More detailed design within the expression parser:
I realised that there are essentially two parsing contexts to consider, and that the set of lexical tokens I should expect in each context is completely disjoint. This will simplify error handling, since I don't have to figure out which context I'm in ex-post-facto, and I think the stack management is also made more robust this way. One criticism of the shunting-yard algorithm is that it allows parsing expressions with the tokens in the "wrong" order and thus appearing syntactically nonsensical, but this measure neatly fixes that while also simplifying the code a little.
After pushing a Stop operator token, the parser starts in the "Operand" context, since a single operand is itself a valid expression, while a single operator is not. The Operand context allows a numeric literal, a variable reference, a unary operator (negate or NOT), or an open bracket.

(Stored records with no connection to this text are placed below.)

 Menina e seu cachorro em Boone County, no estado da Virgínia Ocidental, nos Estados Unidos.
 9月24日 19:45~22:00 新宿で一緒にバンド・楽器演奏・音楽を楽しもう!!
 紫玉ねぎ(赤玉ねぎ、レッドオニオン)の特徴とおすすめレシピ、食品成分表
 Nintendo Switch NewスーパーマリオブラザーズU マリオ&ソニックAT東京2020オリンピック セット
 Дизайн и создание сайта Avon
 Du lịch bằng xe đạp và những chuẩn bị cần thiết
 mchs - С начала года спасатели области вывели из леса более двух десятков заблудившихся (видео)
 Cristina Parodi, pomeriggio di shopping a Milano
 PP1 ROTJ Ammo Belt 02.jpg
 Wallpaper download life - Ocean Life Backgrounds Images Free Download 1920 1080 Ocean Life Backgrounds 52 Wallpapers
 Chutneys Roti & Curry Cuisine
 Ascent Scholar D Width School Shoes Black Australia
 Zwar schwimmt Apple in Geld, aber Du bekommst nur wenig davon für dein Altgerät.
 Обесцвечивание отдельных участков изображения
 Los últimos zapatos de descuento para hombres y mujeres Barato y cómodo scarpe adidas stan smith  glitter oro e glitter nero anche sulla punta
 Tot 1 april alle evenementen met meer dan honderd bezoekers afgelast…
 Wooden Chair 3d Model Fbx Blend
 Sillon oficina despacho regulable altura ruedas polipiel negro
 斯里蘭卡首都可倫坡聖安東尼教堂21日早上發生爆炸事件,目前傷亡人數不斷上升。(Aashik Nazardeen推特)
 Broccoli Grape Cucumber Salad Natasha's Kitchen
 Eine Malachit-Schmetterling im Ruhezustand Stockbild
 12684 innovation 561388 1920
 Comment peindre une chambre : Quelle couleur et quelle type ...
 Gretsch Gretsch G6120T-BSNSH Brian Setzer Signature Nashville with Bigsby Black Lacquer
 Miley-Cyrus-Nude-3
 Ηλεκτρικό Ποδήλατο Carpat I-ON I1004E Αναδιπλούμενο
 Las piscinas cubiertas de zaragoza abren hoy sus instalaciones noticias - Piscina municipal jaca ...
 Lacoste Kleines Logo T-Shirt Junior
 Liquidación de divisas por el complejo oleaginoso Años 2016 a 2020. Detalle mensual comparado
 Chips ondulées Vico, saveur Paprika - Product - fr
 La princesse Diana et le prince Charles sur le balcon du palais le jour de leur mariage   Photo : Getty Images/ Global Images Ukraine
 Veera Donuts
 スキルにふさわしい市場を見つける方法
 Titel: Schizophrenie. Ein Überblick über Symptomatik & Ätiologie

The latter two push operator tokens on the stack but then remain in Operand context; literals and variables are
actually operands and cause the parser to shift to "Operator" context. If the token at the cursor is not recognised in Operand context, a syntax error is thrown. Stacked operators are not executed from Operand context, since unary operators always have higher precedence than binary operators and their operands are not yet available.
In "Operator" context, the parser looks for infix operators and close brackets, and causes the immediate execution of equal-or-higher precedence operators already on the stack. This, for example, causes unary operators to be executed as soon as their operands are available. If the token at the cursor is not recognised in Operator context, the end of the expression is inferred, all stacked operators are executed, and control is returned to the statement parser with the cursor suitably advanced. Mismatched brackets would be recognised by attempted execution of a stacked bracket token outside of a close-bracket context, or encountering the Stop token on the stack while processing a close-bracket.
Several operators will be implemented as combinations of other operators to reduce code size and the number of unique operator tokens. In particular:
- Negate and NOT can use the same code implementing a subtraction from zero, entered with the Carry flag set and cleared respectively. This is a 6502-specific optimisation that would not be obvious for code ported from some other 8-bit CPU.
- Subtract can be implemented by pushing Add and Negate operators in that order, so that the top operand is negated before being added to its partner.
- Unequal can be implemented by pushing NOT and Equal operators in that order, so that the Equal condition is tested and then the result inverted.
- Similarly, >= is NOT <, <= is NOT >. This equivalence is only valid for integers, and would break for IEEE-754 floating point, but is a valid optimisation for us.
Obviously, these are all optimisations for code size, and many will result in lower execution speed. That's the kind of tradeoff needed to keep the code within 2KB with a reasonably complete feature set.
PEEK will likely be a unary operator, since it fits neatly into the above scheme. I may use the BBC BASIC indirection operators, ? and !, instead of the PEEK keyword, since they are easier to write recognition code for. However, implementing the indirection operators instead of POKE may be more complicated, since I have a very restricted concept of an lvalue. It might work if ? and ! are implemented as statement keywords, essentially duplicating the assignment statement.